Web 3.0 is a possible future version of the internet based on public blockchains, a record-keeping system best known for facilitating cryptocurrency transactions. The attractiveness of Web 3.0 is that it is decentralized, meaning that rather than consumers accessing the internet through services mediated by companies like Google, Apple or Facebook, individuals, themselves, own and govern sections of the internet. Web 3.0 doesn't require "permission," which means that central authorities don't get to decide who gets to access what services, nor does it require "trust," meaning that an intermediary isn't necessary for virtual transactions to occur between two or more parties. Because these agencies and intermediaries are doing most of the data collection, Web 3.0 technically protects user privacy better.
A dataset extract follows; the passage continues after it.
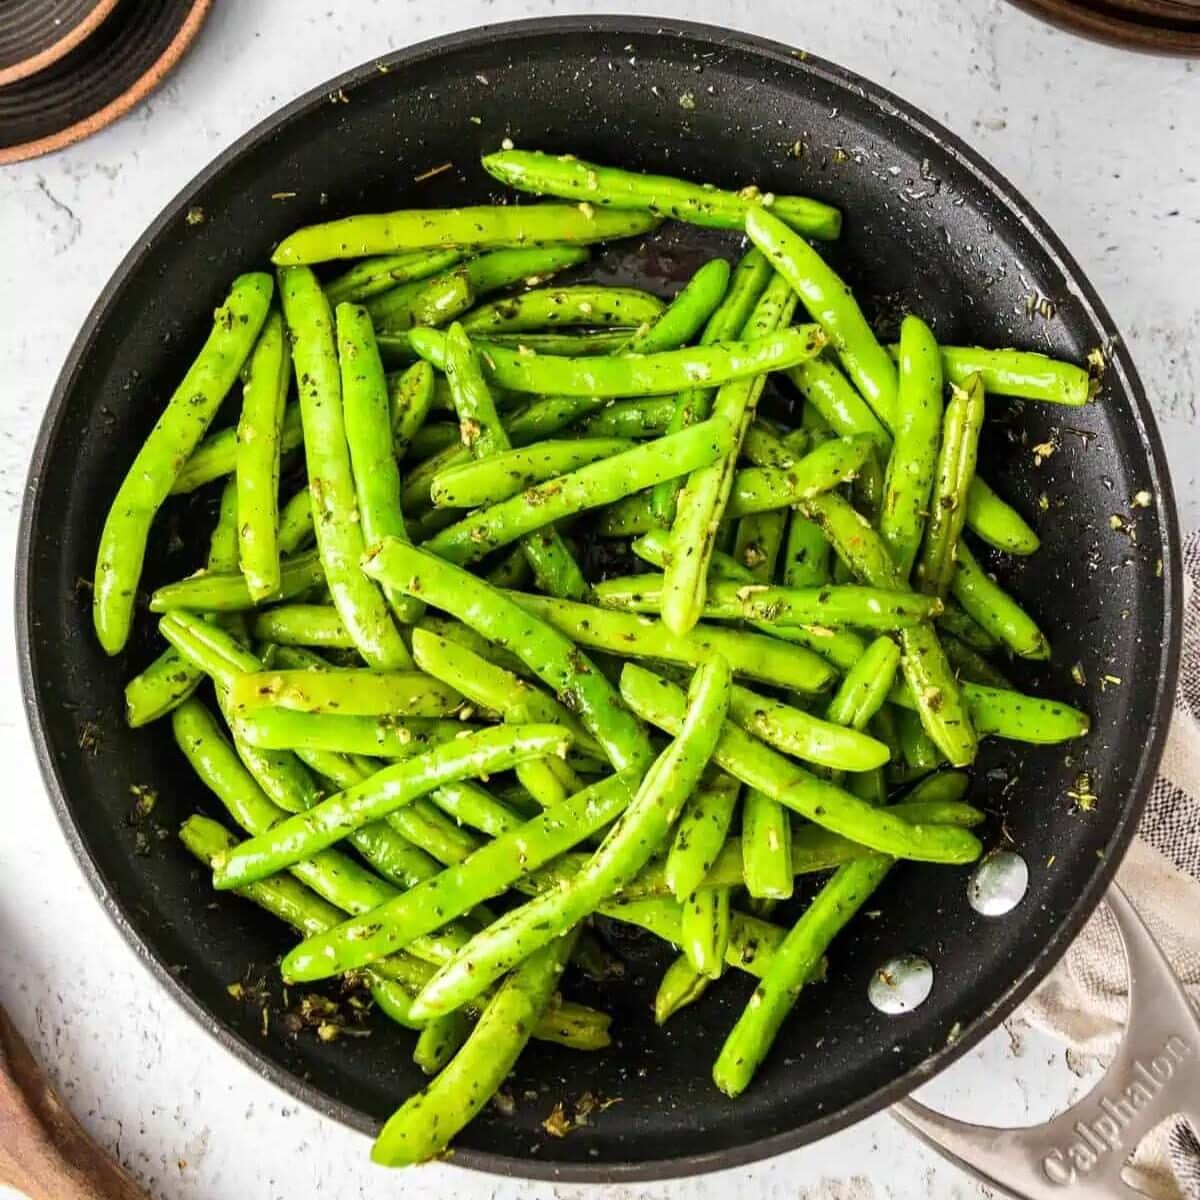 Sauteed green beans in a skillet.

Decentralized finance, often known as DeFi, is a component of Web 3.0 that's gaining steam. It entails executing real-world financial transactions on the blockchain without the help of banks or the government. Meanwhile, many major corporations and venture capital firms are pouring money into Web 3.0, and it isn't easy to conceive that their engagement won't result in some form of centralized power.
In this post, we'll go through how the web has evolved, why everyone is talking about Web 3.0, what Web 3.0 is used for, what is Web 3.0 in crypto, where it's heading next and why this matters. The World Wide Web is the major tool used by billions of people to exchange, read and write information and communicate with others over the internet. The web has changed dramatically over the years, and its current applications are nearly unrecognizable from its early days. What is Web 1.0? The earliest version of the internet was known as Web 1.0. Consider Web 1.0 to be the read-only or Syntactic web. Most of the participants were content consumers, while the makers were largely web developers who built websites with material delivered primarily in text or graphic format. Sites delivered static material rather than dynamic, hypertext mark-up language (HTML) in Web 1.0. Data and content were supplied from a static file system rather than a database, and there was little interaction on the web pages.
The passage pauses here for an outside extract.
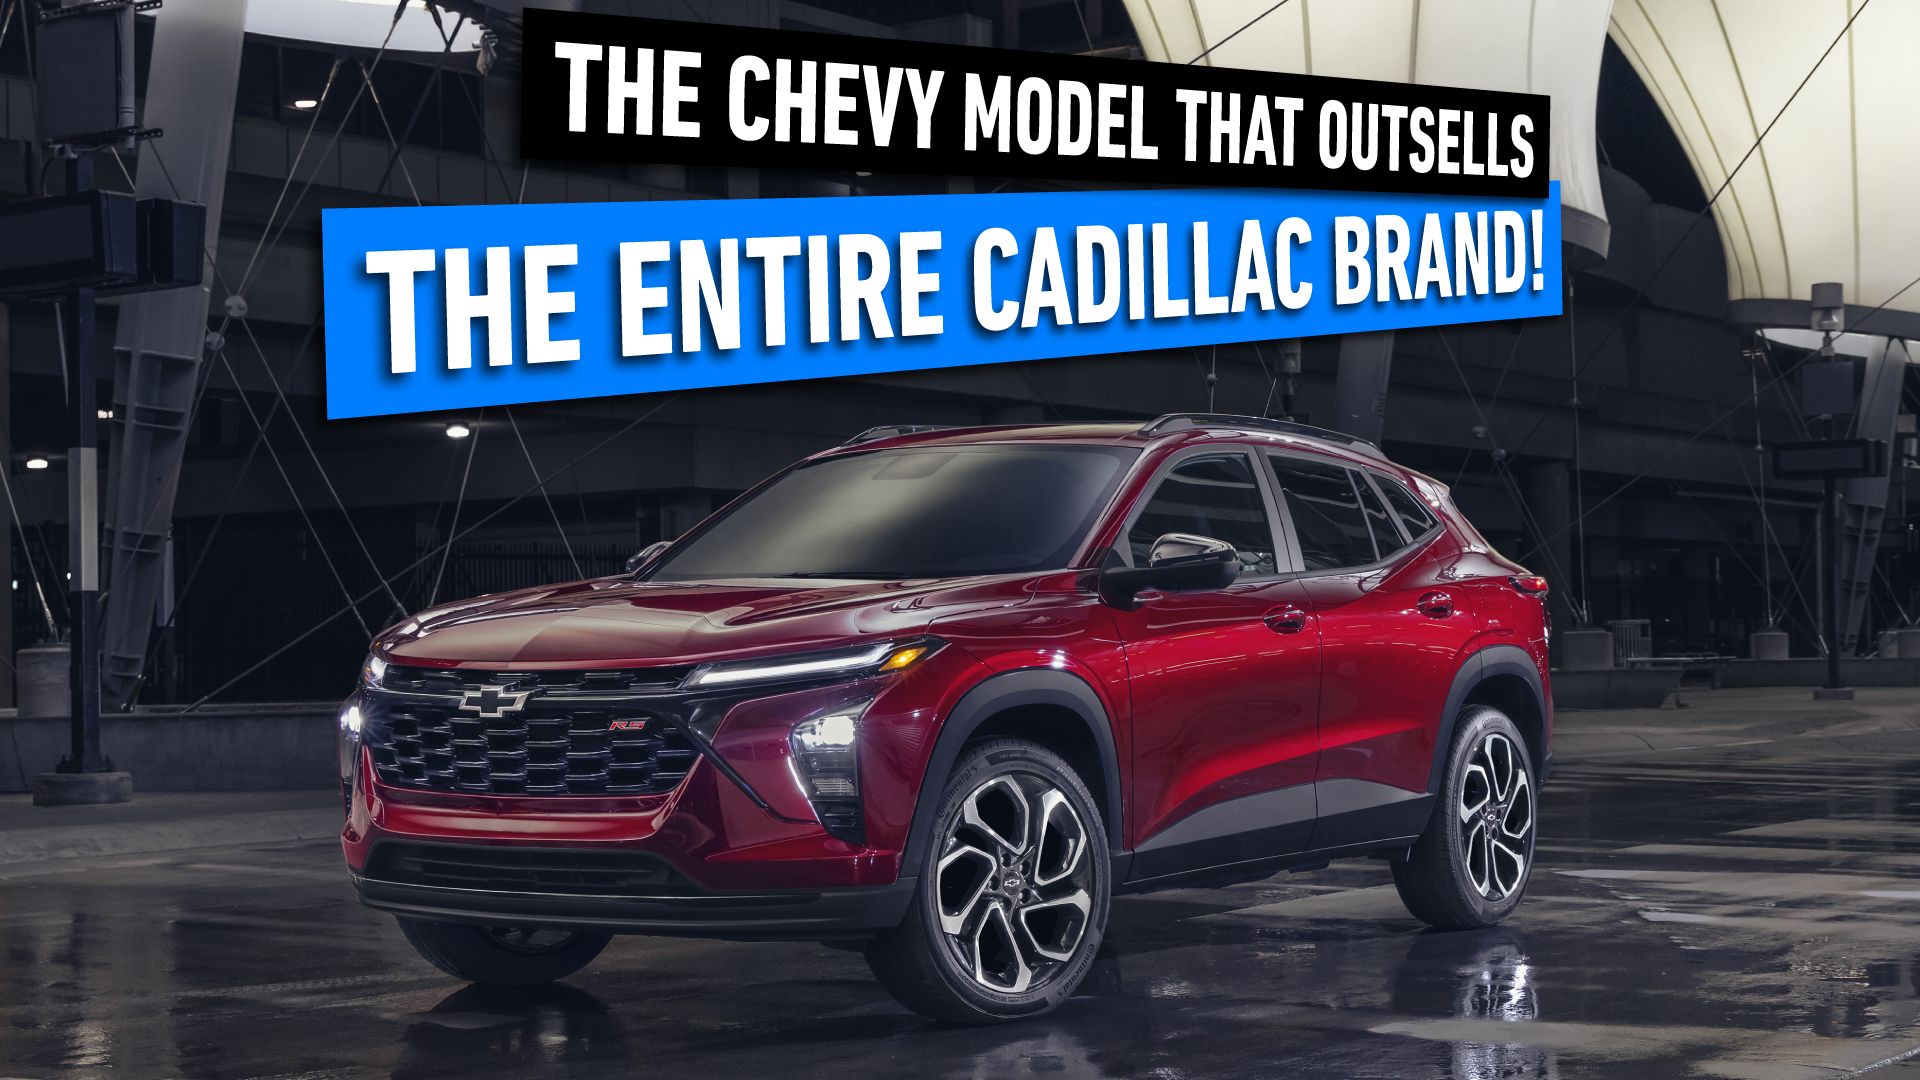 Chevy-Model-That-Outsells-The-Entire-Cadillac-Brand

What is Web 2.0? Most of us have only seen the web in its current version, often known as Web 2.0, which is also known as the interactive read-write and social web. You don't have to be a developer to participate in the creation process in the Web 2.0 universe. Many apps are designed in such a way that anyone may become a creator. You can create thought and share it with the rest of the world. You can also post a video and make it available to millions of others to watch, interact with and comment on in Web 2.0. Youtube, Facebook, Flickr, Instagram, Twitter and other social media are only a few examples of Web 2.0 applications. Web technologies, such as HTML5, CSS3, and Javascript frameworks, such as ReactJs, AngularJs, VueJs, and others, enable companies to develop new ideas that allow users to contribute more to the Social Web. As a result, developers only need to design a mechanism to enable and engage users because Web 2.0 is built around them.
Consider how different prominent apps like Instagram, Twitter, LinkedIn and YouTube were in their early days compared to how they are now. The company launches an app. It enrolls as many people as possible. Then it makes money off of its user base. When a developer or corporation releases a popular app, the user experience is frequently incredibly sleek, especially as the app's popularity grows. This is why they were able to get traction so rapidly, to begin with. Many software businesses are initially unconcerned about monetization. Instead, they are solely focused on expanding and retaining new consumers, but they must eventually begin to profit. However, the limits of taking on venture funding often harm the life cycle and, ultimately, the user experience of many of the applications we currently use. For example, when a firm raises venture capital to develop an application, its investors typically expect a return on investment in the tens or hundreds of times of what they put in.
This means that, rather than pursuing a long-term growth strategy that can be sustained organically, the company is frequently pushed down one of two paths: marketing or data sales. More data means more targeted ads for numerous Web 2.0 companies like Google, Facebook, Twitter and others. This results in more clicks and, as a result, more ad money. The exploitation and centralization of user data are fundamental to the functioning of the web as we know and use it now. As a result, data breaches are a common occurrence in Web 2.0 applications. There are even websites dedicated to keeping track of data breaches and informing you when your personal information has been hacked. You have no control over your data or how it is stored in Web 2.0. In truth, businesses frequently track and save user data without their permission. The firms in charge of these platforms then own and manage all of this data. Furthermore, when governments believe someone is expressing an opinion that contradicts their propaganda, they frequently shut down servers or seize bank accounts.